Zeig doch mal den Link, in dem das so steht.

Wer seinem Kind bei Hunger einen Stöpsel in den Mund steckt, handelt doch nicht etwa zum Wohle des Kindes oder glaubst du das etwa allen Ernstes?

@kiniro

es geht hier ja nicht darum das ich mich weigern will ihm umgang zu geben sondern ich weigere mich ihm die kleine mitzugeben da er sie NICHT versorgt. Mir ist es auch relativ egal wie lange der Umgang sein wird, ob 2 oder 3 oder 4 Stunden, MIR GEHT ES EINZIG UND ALLEINE DARUM, DAS DER KV UND DIE KLEINE WIEDER BEZUG ZUEINANDER HABEN UND DAS ER SICH ANSTÄNDIG UM DIE KLEINE KÜMMERT DANN HABE ICH GANZ BESTIMMT AUCH NICHTS DAGEGEN WENN ER DIE KLEINE MITNIMMT. Das er nicht zum Wohle des Kindes handelt ist mir klar, umsonst bestehe ich nicht darauf das der Umgang begleitet sein soll. Nur ER will das nicht, er will die Kleine ALLEINE mitnehmen. Und da muss er sich nicht wundern wenn ich dem NICHT zustimme

@passerotto88

@passerotto, das ist nunmal die gängigste rechtssprechung - umgangszeiten von timbatal! was du gelesen hast, ist die eine sache.... andere leute saßen vielleicht schon vorm richter und wissen im gegensatz zu "belesenen", wovon sie reden!!!!

@passerotto88

schrei nicht so rum. lass den vater seinen umgang wahrnehmen und zwar so wie vorgesehen ist. er darf die kleine mitnehmen und das ist sein RECHT. wenn er klagen geht, dann bekommt er das recht bestätigt. brauchst du erst haftandrohung bevor du endlich begreifst was deine PFLICHT ist.

ja richtig, der vater wird sein umgangsrecht zugesprochen bekommen! auch ohne dich werden die umgänge stattfinden! mittlerweile scheint das problem eindeutig zu sein, er hat keine lust auf dich! kann man dem kindesvater nicht verübeln. bereite dich auf den gerichtstermin vor und lass dich lieber noch einmal von deiner anwältin beraten, was für sätze etc. du lieber vorm richter zu unterlassen hast!
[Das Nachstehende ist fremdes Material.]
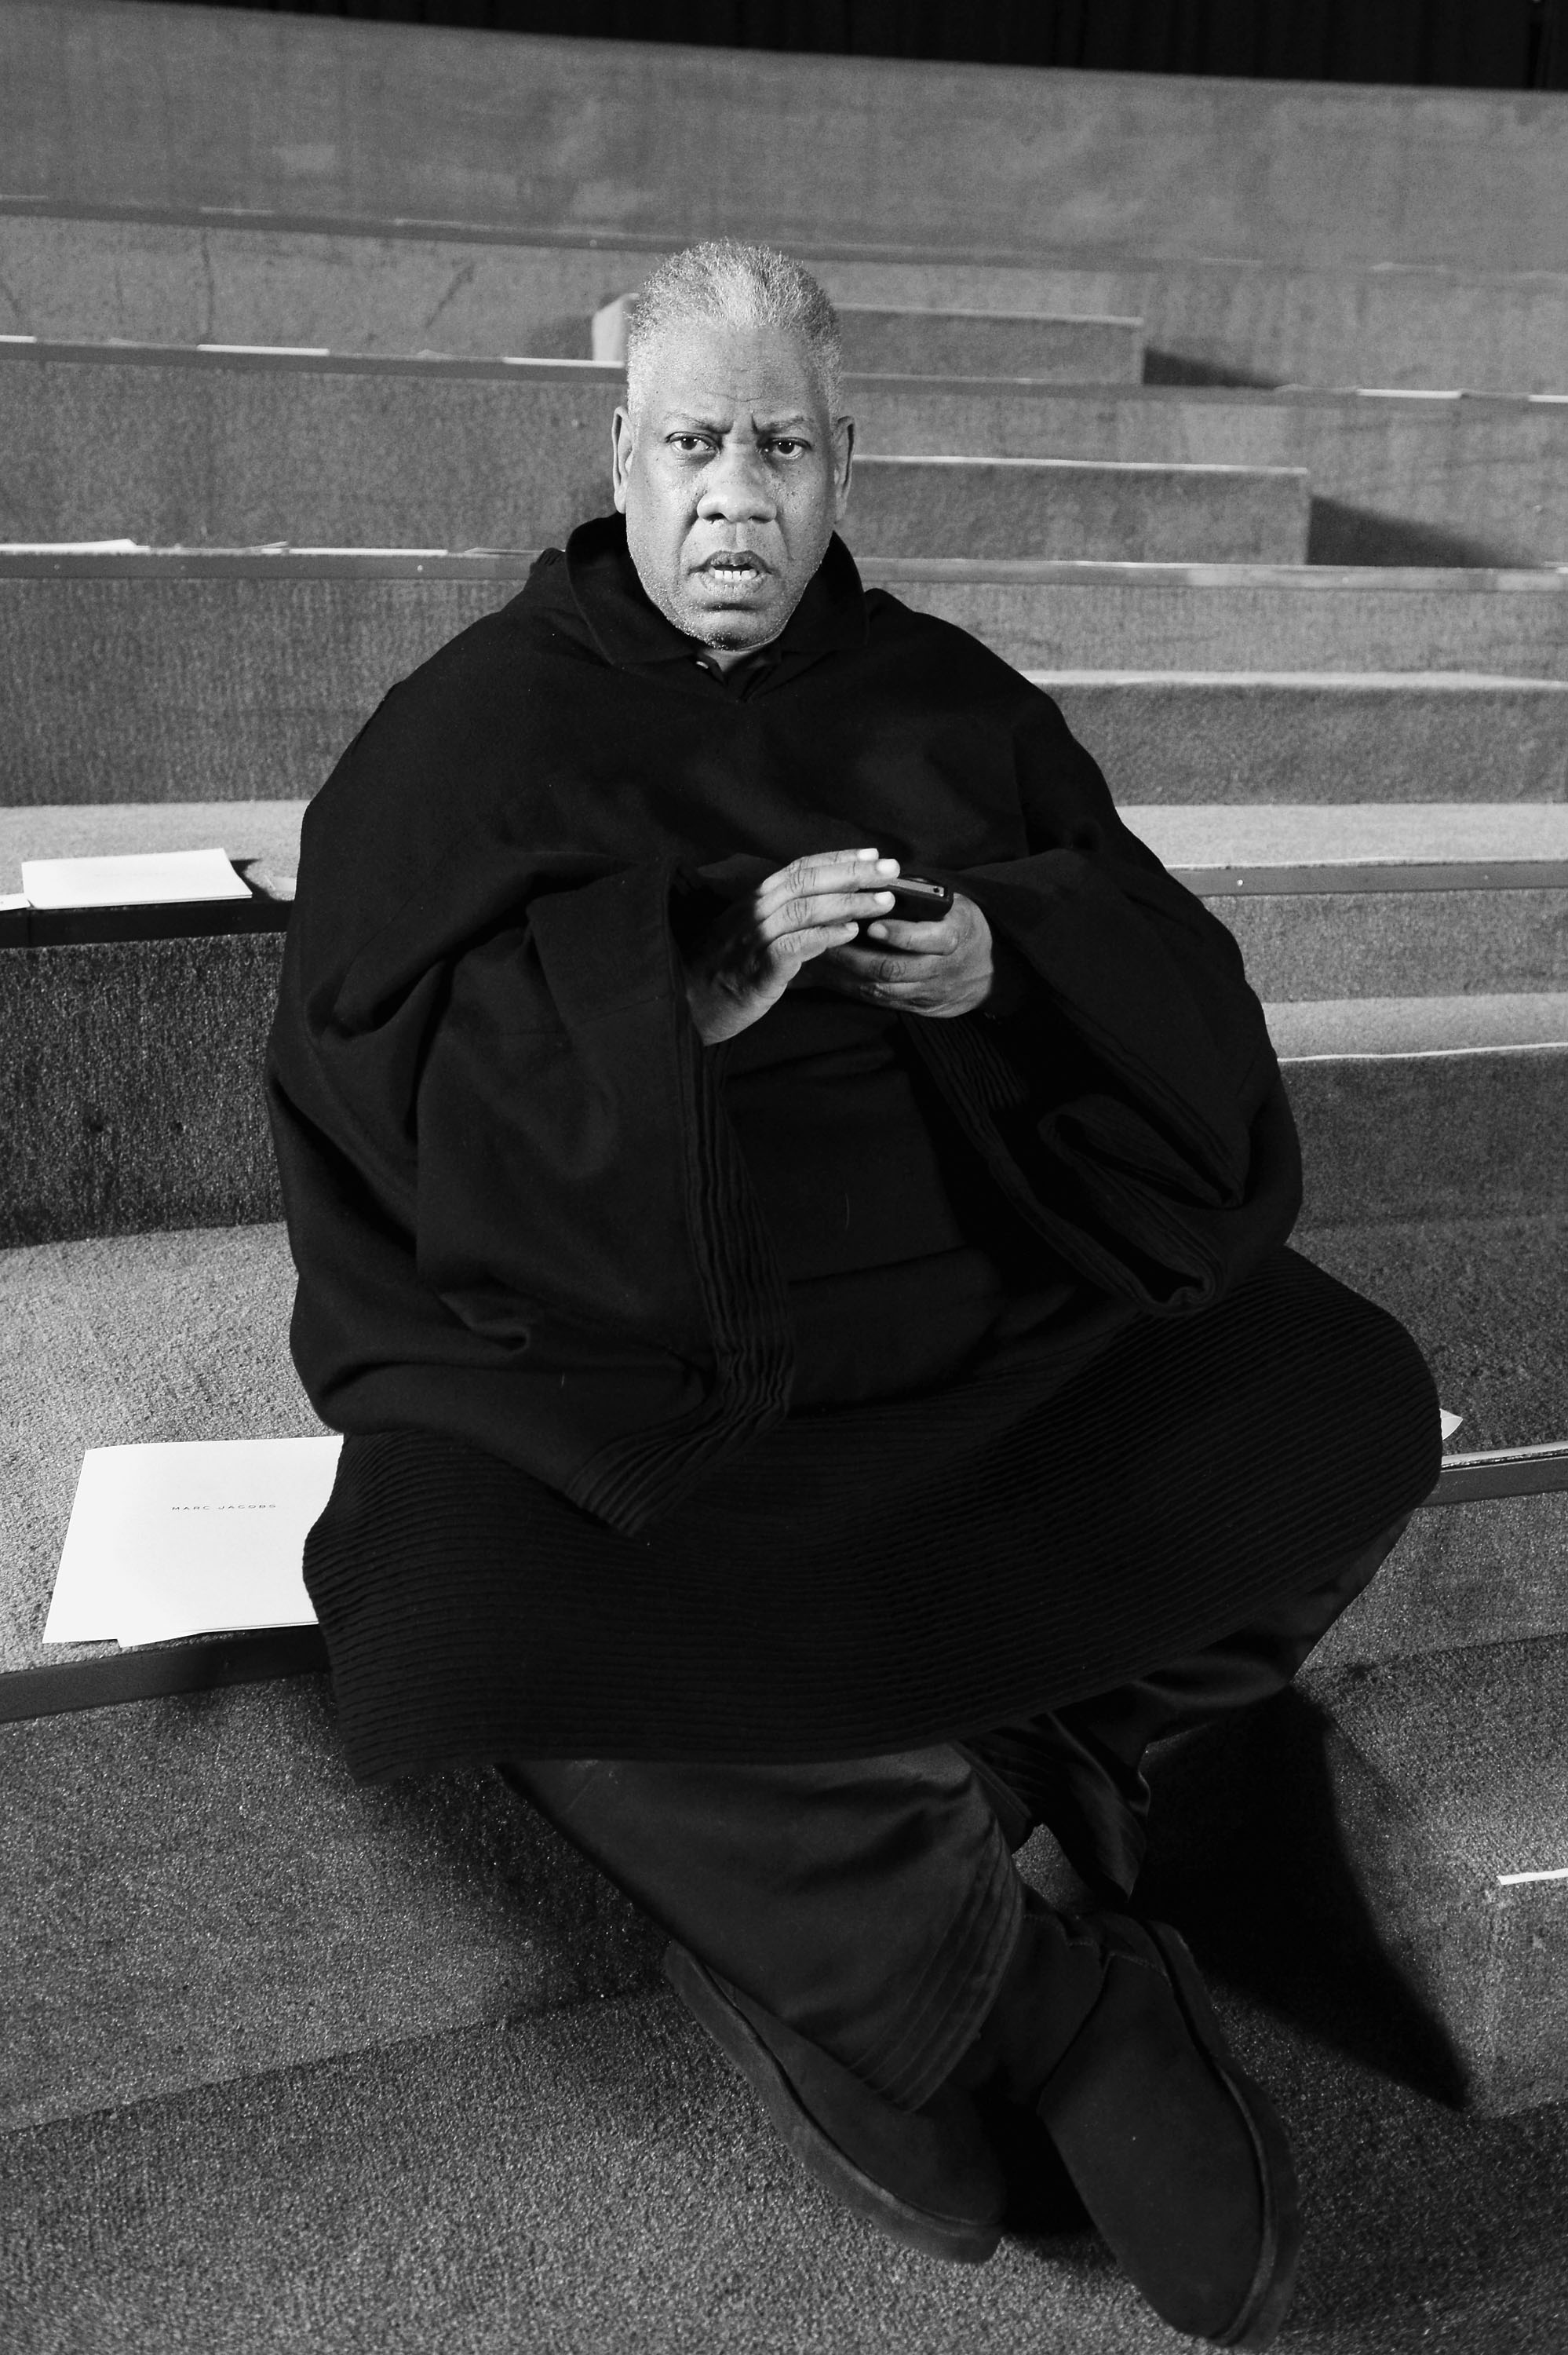 André Leon Talley, the former influential Vogue editor, dies at 73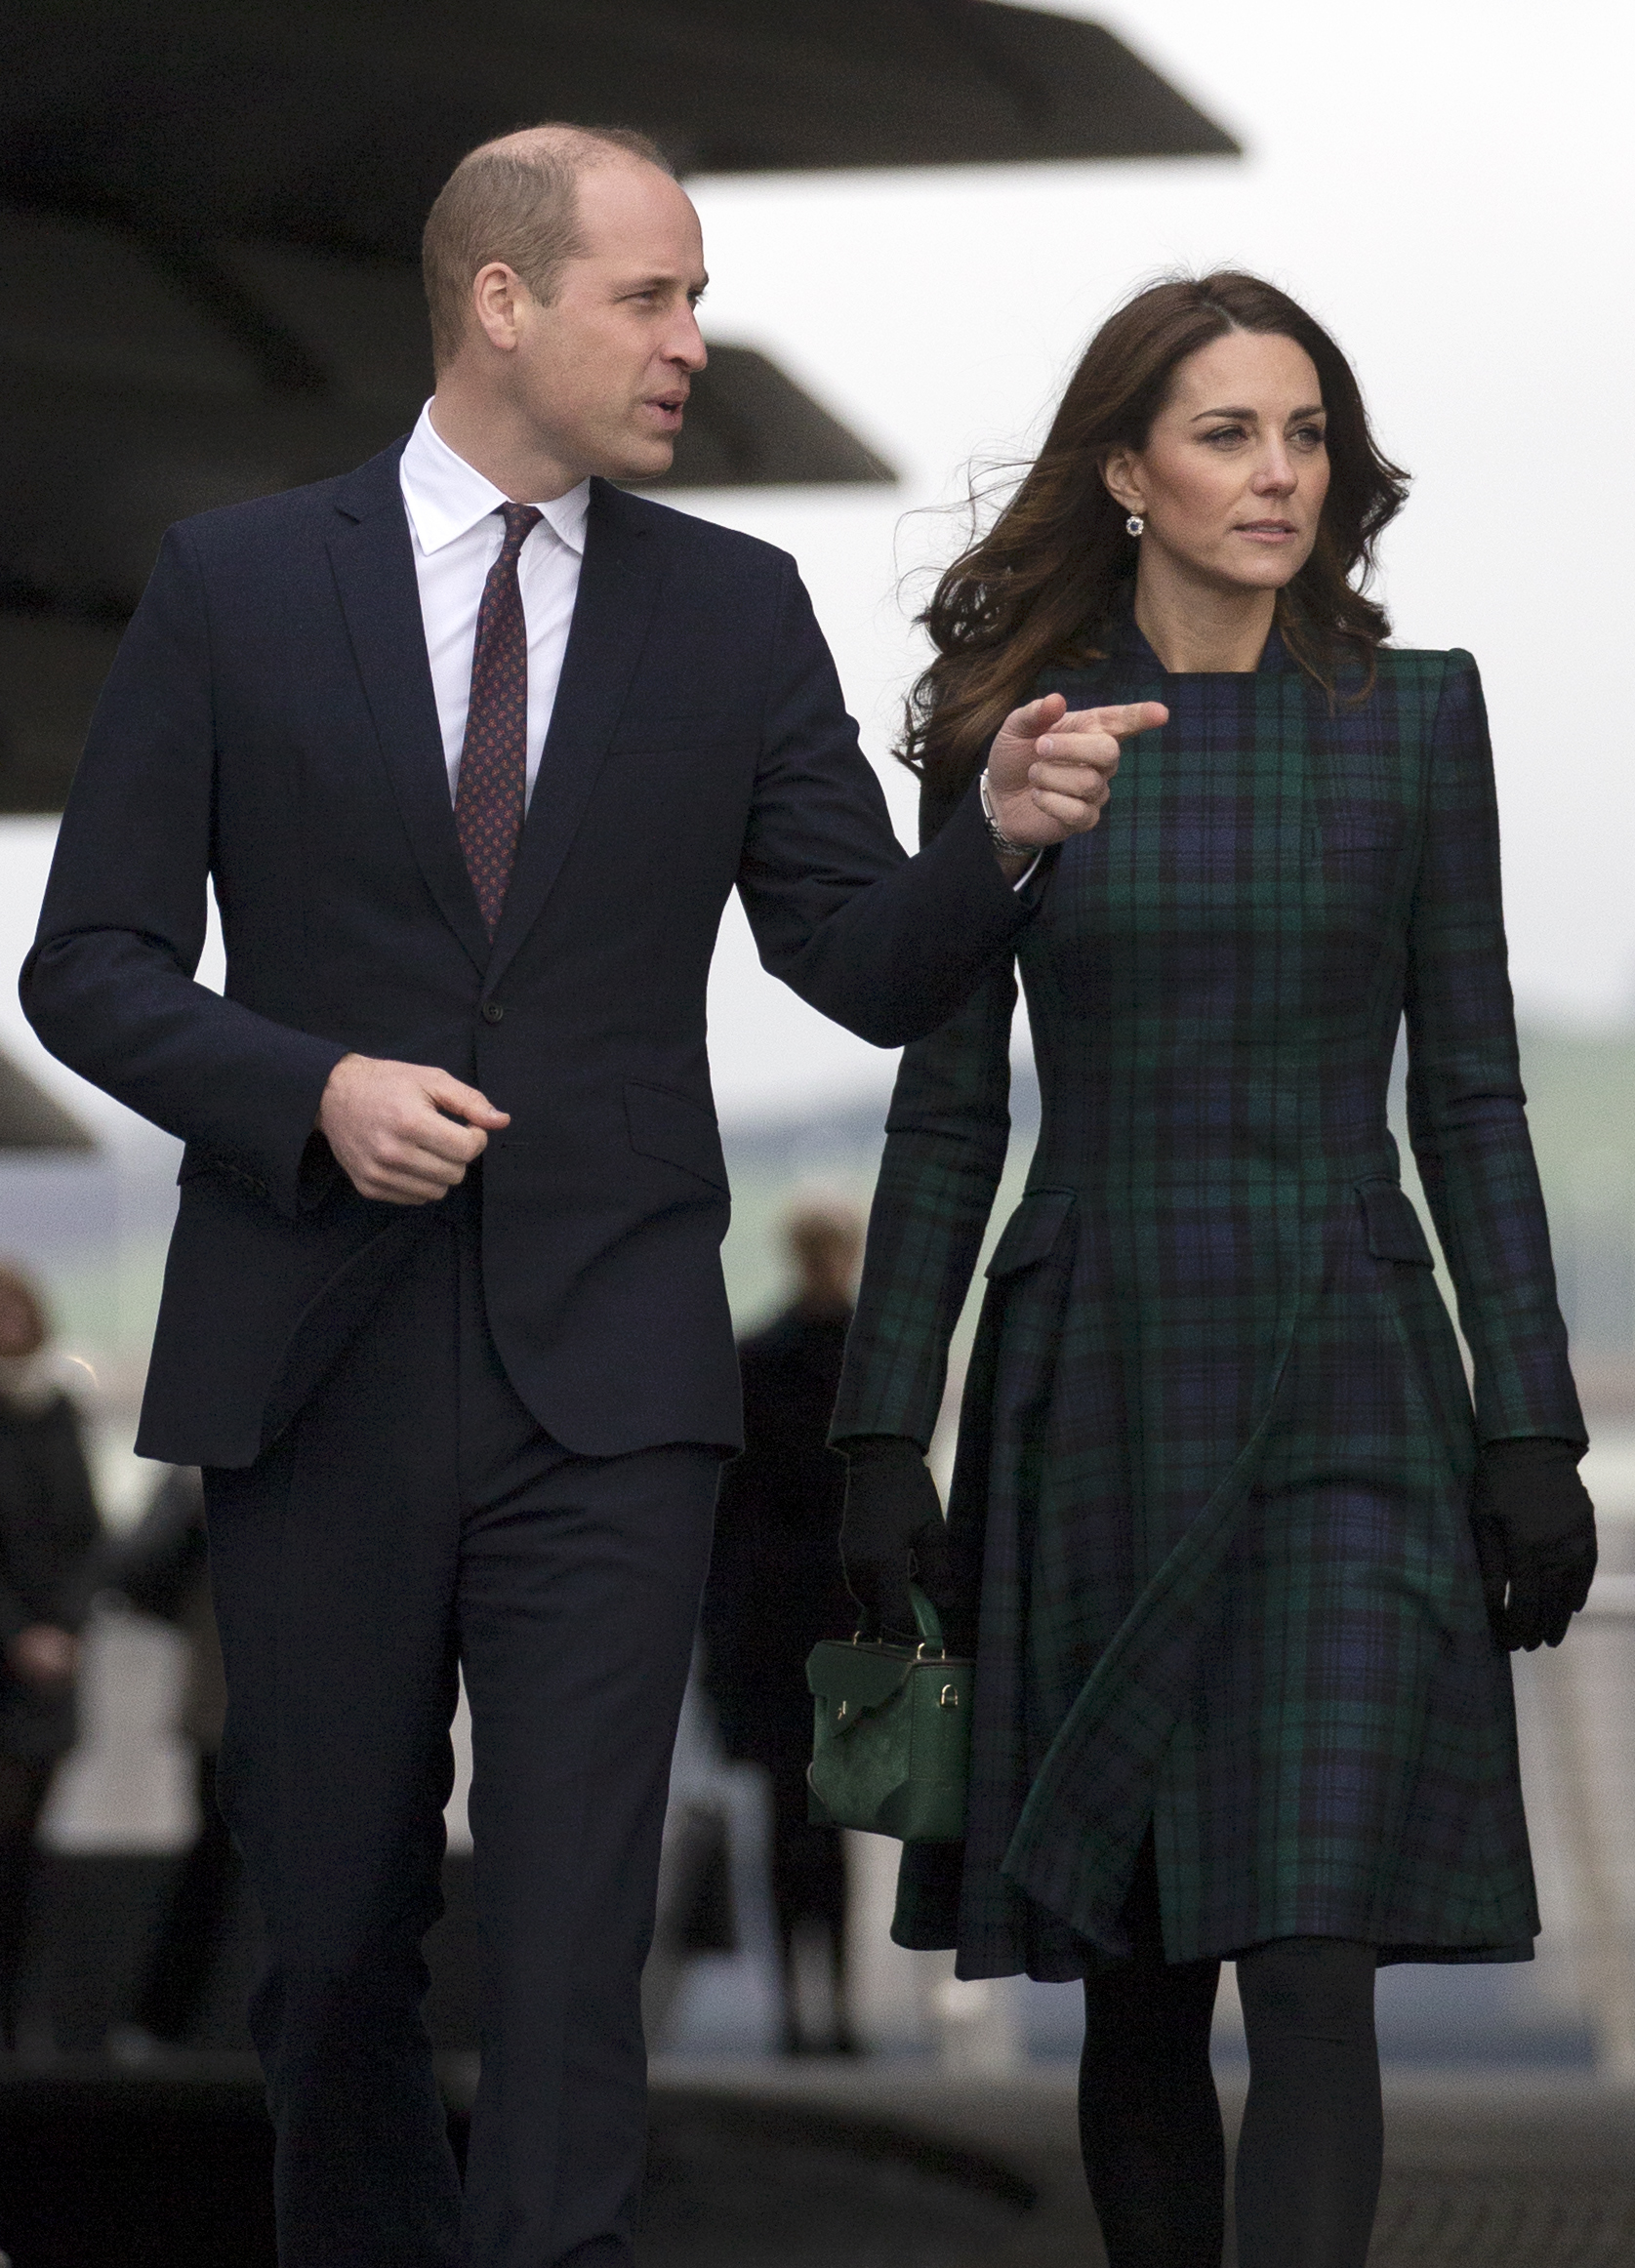 The Duke and Duchess of Cambridge, who are known as the Duke and Duchess of Strathearn, during a visit to officially open the V&A Dundee.

ich glaube du hast auch nicht verstanden um was es geht, nach allen versäumnissen von ihm, so wie er mit dem kind umgeht etc. will ich BEGLEITETEN UMGANG das hat nichts damit zu tun das ich unbedingt dabei sein will, noch hat es was damit zu tun das er null bock auf mich hat, von meiner seite is es genauso... das interessiert mich wie ne wasserstandsmeldung, das einzige was mich interessiert ist das mein kind gut aufgehoben ist!!!!!

@passerotto88

ich will.... mich interessiert..... - genau da fang mal an.... sowas geht nach hinten los! richter haben solche storys täglich und sie wissen ebenfalls worum es im endeffekt gehen sollte... nach dem willen der mutter gehts aber kein stück und das ist es, was du dir merken solltest! wenn der kindesvater keinen begleiteten umgang mit dir will, dann wirst du auch nicht dabei sein...!

@passerotto88

was du willst wird nur niemanden interessieren. du nennst nicht einen einzigen grund für betreuten umgang. darum wird er umgang bekommen wie er ihn beantragt. wenn er einen guten anwalt hat, beantragt er das gesamte spektrum und du bekommst androhung auf ordnungsgeld, haft und androhung sorgerechtsentzug, wenn du weiterhin keine bindungstoleranz zeigst. es ist nicht dein kind, es ist auch sein kind.